Lately I have found myself photographing the contents of the little silver compost bin which sits on our kitchen countertop. I will open it up to discard some scrap of food and notice that an unintentional bit of art has taken place under its dome. A blue egg shell nestled next to a beet root atop a stack of asparagus ends with just a little curl of lemon peel peeking through, all with a quiet tea bag resting on the side. It’s beautiful. What is more is that this earthy composition is the beginning of something marvelous — my little compost bin is helping to stop global warming.
I take my bin, full of scrappy art, and dump it in the larger Black Earth compost bin we keep outside in our shed. This bin is picked up weekly by Black Earth where it is trucked to their compost site and mixed with leaves. Here it stays for six months during which time it is kept at 150 degrees for at least two months, essentially cooked. After this it is screened to sift out plastics which are discarded and wood chips and rocks, which are used. The compost is then returned to the large pile on Southern Avenue where Manchester residents are welcome to use it.

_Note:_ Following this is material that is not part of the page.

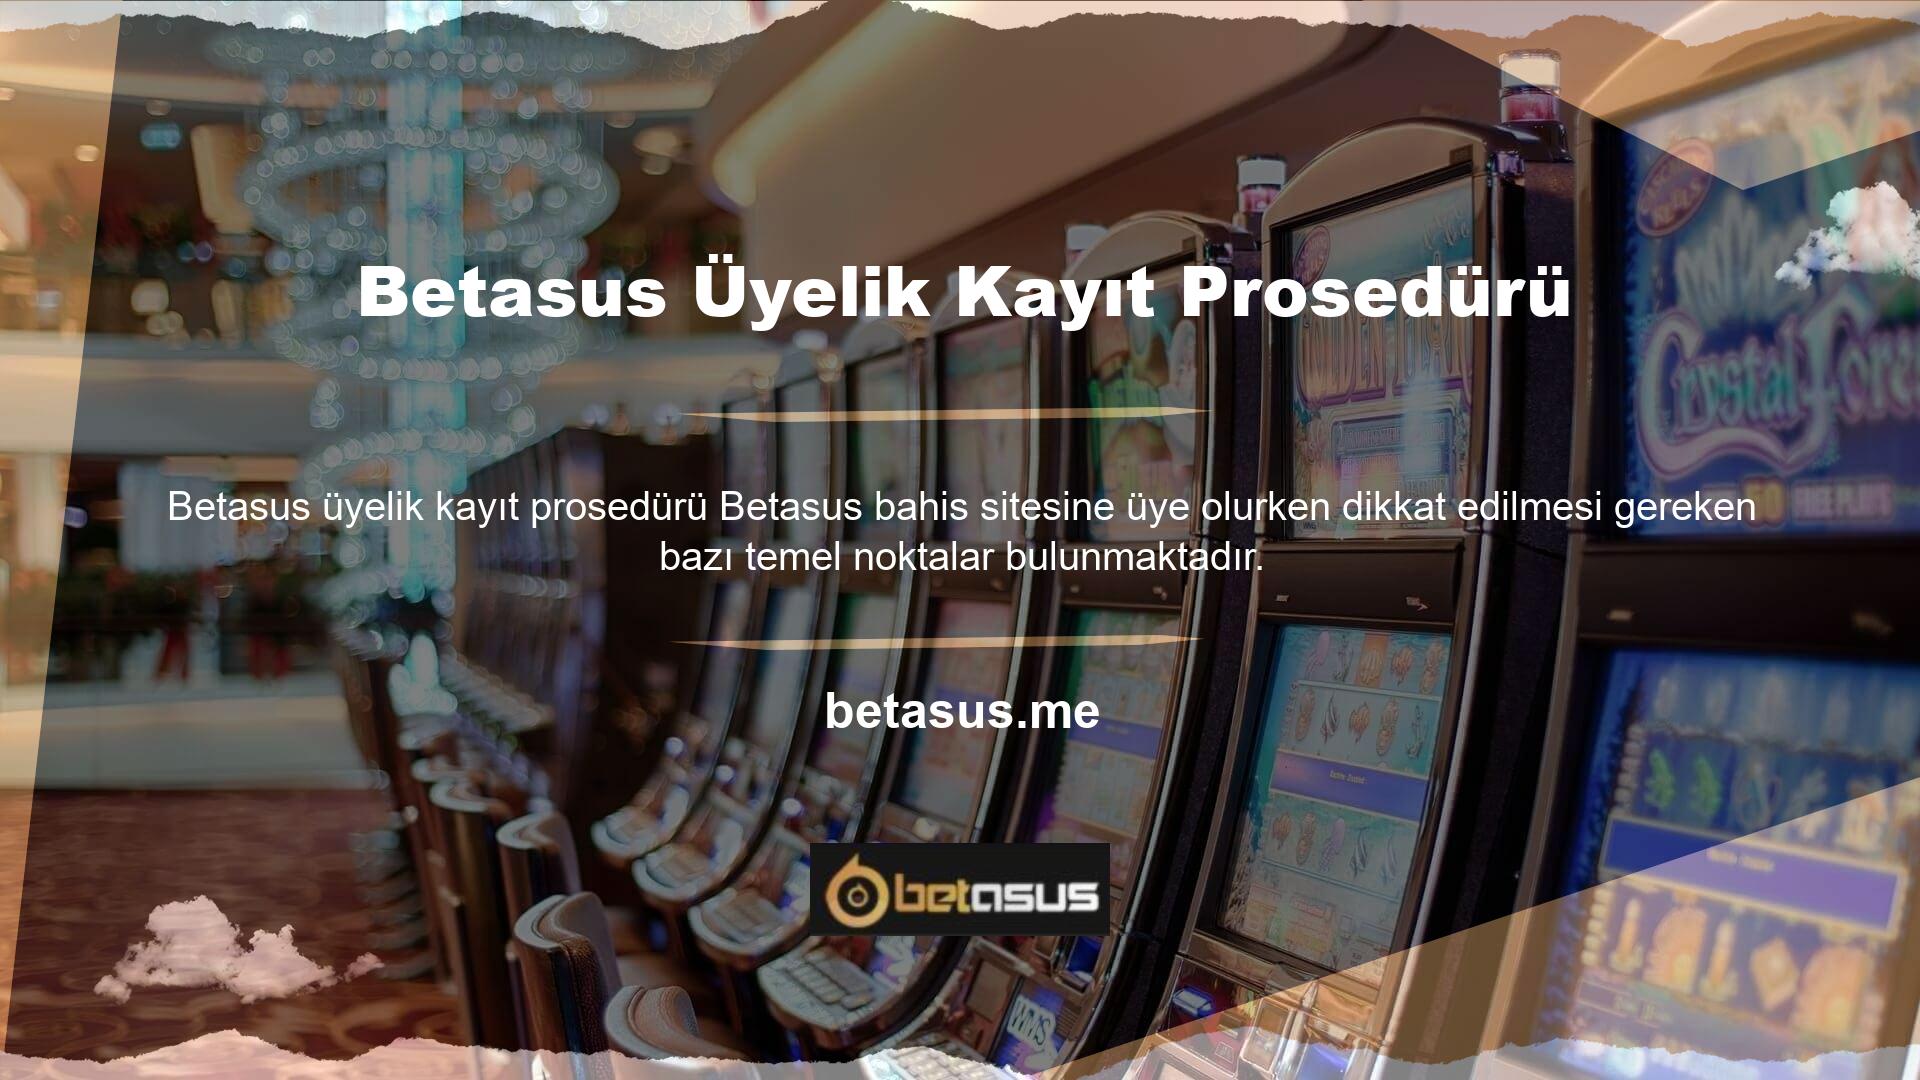 Web sitemizdeki butonu kullanarak Betasus giriş yaptığınızda karşınıza üyelik bilgilerinizi isteyen bir form çıkacaktır

So what does any of this have to do with global warming? Everything. Soil sequesters more carbon than living plants and the atmosphere combined. Properly managed soil is essentially a carbon sponge. Practices such as permaculture gardening, regenerative farming, organic farming, and low to no-till farming, all forms of “carbon farming”, cultivate the soil in such a way that it retains its natural ability to store carbon. This is the good news. The bad news is that when soil is abused through intense grazing,
single crop cultivation, tilling, and the use of chemical fertilizers, it releases carbon into the atmosphere. Next to the burning of fossil fuels, agricultural practices that harm the soil have become one of the main contributors to carbon emissions. Given that more than one third of the earth’s ice-free surface is used for agricultural purposes, this is more than a little alarming. But the great news is that this very same land, currently part of the problem, can be part of the solution, if we simply change the way we treat it.
This month the Trustees magazine ran a wonderful piece on natural climate solutions. The Trustees, together with The Nature Conservancy and Mass Audubon successfully advocated for Massachusetts lawmakers to include language supporting natural climate solutions in the state’s Next Gen Climate bill calling for net-zero climate emissions by 2050. Rotational grazing at Appleton Farms, keeping vegetative grasses higher to hold more carbon, growing cover crops with compost, and salt marsh restoration, are just some of the ways the Trustees are fighting climate change. Additionally, each of these methods is being studied and measured so that Trustee’s land in Massachusetts can become a national leader for natural climate solutions.
Now back to us and our mighty compost. In a 19-year study conducted by UC Davis measuring the carbon storage in soil, researchers discovered, among other things, the valuable role of compost. The study found that cover crops alone were not highly effective in storing carbon. However, when combined with compost, the carbon content was significantly increased — approximately 0.7 percent annually. The study also found that carbon is being stored much deeper in the soil than previously thought. The hope is that this data will help policymakers provide incentives to farmers who use compost. This is already being done in California through the Healthy Soils Incentives Program. Here in Massachusetts farmers and agricultural composters can apply for a grant through the Agricultural Composting Improvement Grant Program (ACIP) whose goal is to “help agricultural composters improve the overall management of their agricultural composting operations and facilitate on-farm compost use. “
So, what can we do? As you likely know, the town of Manchester has been tremendous in working with Black Earth to create a state-of-the-art compost facility at the transfer station site, which is outstanding. But individually we can still do more: Compost! Support local farmers. Practice carbon gardening: Use raised garden beds to avoid tilling, look into permaculture gardening, stop using chemical fertilizers, and try using compost and leaf mulch if you aren’t already. Do your best to mow your lawns less often and definitely avoid using chemicals on them. And know that if we take the time to care for it properly the soil will, most definitely, thank us — if we let it.
To read further, the Black Earth web site has a great list of links (blackearthcompost.com). NOFA (Northeast Organic Farmers Association) hosts organic gardening workshops, a soil series, compost workshops, and more (nofamass.org).
And, as we are all watching more movies these days, I highly recommend the films The Biggest Little Farm and Wasted! The Story of Food Waste.